21 SPSS version

15.0 (SPSS, Inc., Chicago, IL) and SAS 9.2 (SAS Institute, Inc., BEZ235 solubility dmso Cary, NC) were used to perform statistical analyses. All statistical tests were two-sided and were evaluated at the 0.05 level of significance. Twenty-four of 107 patients (22%) developed SR. The number of sustained responders was comparable between the peginterferon alfa-2a monotherapy group and the peginterferon alfa-2a and ribavirin combination therapy group [14 of 53 (26%) versus 10 of 54 patients (19%), respectively, P = 0.33]. The two treatment groups were therefore pooled for further analysis. Among the 24 sustained responders, one patient cleared of HBsAg from serum and developed antibody to HBsAg. Baseline characteristics of the 107 patients are shown in Table 1. The mean pretreatment serum HBsAg level was 3.8 log IU/mL (range

= 1.1-5.0 log IU/mL), and the mean serum HBV DNA level was 6.8 log copies/mL (range = 4.3-9.5 log copies/mL); both were stable during the screening period. There was no significant correlation between serum HBsAg and other factors at the baseline, including serum HBV DNA and ALT levels, HBV genotype, age, gender, body mass index, and liver histology. Baseline characteristics, including age, gender, HBV genotype, serum ALT, HBV DNA, and HBsAg levels, and liver necroinflammatory and fibrosis scores, were comparable for patients with and without SR (Table 1). Overall, the mean serum HBsAg concentration decreased significantly after 48 weeks of therapy (mean change versus the baseline = −0.47 log IU/mL, P < 0.001).
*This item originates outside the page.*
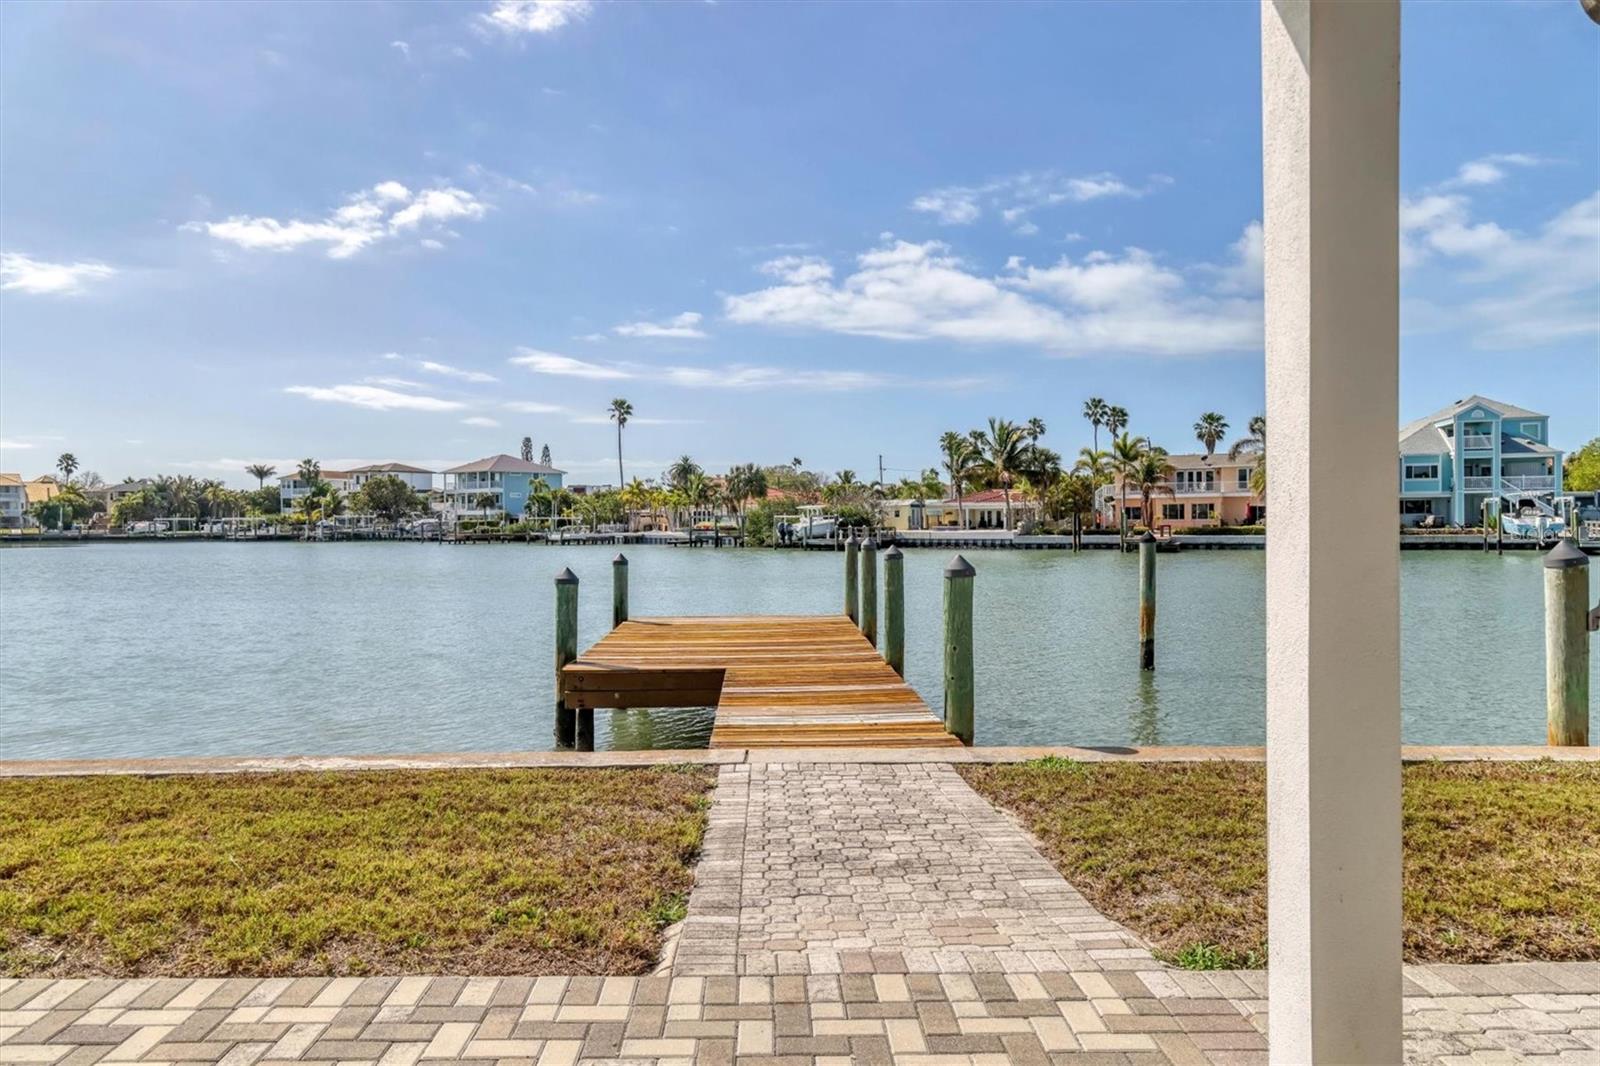 Bring your boat to this deep water dock

HBsAg remained cancer metabolism signaling pathway at end-of-treatment levels during the posttreatment follow-up (mean change at week 72 versus the baseline = −0.52 log IU/mL, P < 0.001). Serum HBV DNA levels declined significantly during the treatment period as well (mean change at week 48 versus the baseline = −3.29 log copies/mL, P < 0.001). In contrast to HBsAg levels, HBV DNA levels relapsed

after treatment discontinuation second (mean change at week 72 versus the baseline = −1.55 log copies/mL, P = 0.004). A weak positive correlation was present between serum HBsAg and HBV DNA levels when all available samples were considered (r = 0.35, P < 0.001). From the baseline until week 12, serum HBsAg and HBV DNA levels were not correlated (r < 0.15, P > 0.11). However, the correlation became stronger at the end of the treatment phase (week 48; r = 0.36, P < 0.001) and further increased at the end of follow-up (week 72; r = 0.53, P < 0.001). The mean HBsAg declines from the baseline for sustained responders and nonresponders are shown in Fig. 1A. During the first 8 weeks of therapy, the mean serum HBsAg levels remained stable in both patient groups (Fig. 1A). From week 8 onward, however, HBsAg levels markedly decreased among the 24 patients who developed SR, whereas only a modest decrease in HBsAg levels was observed in patients who failed to achieve SR (P < 0.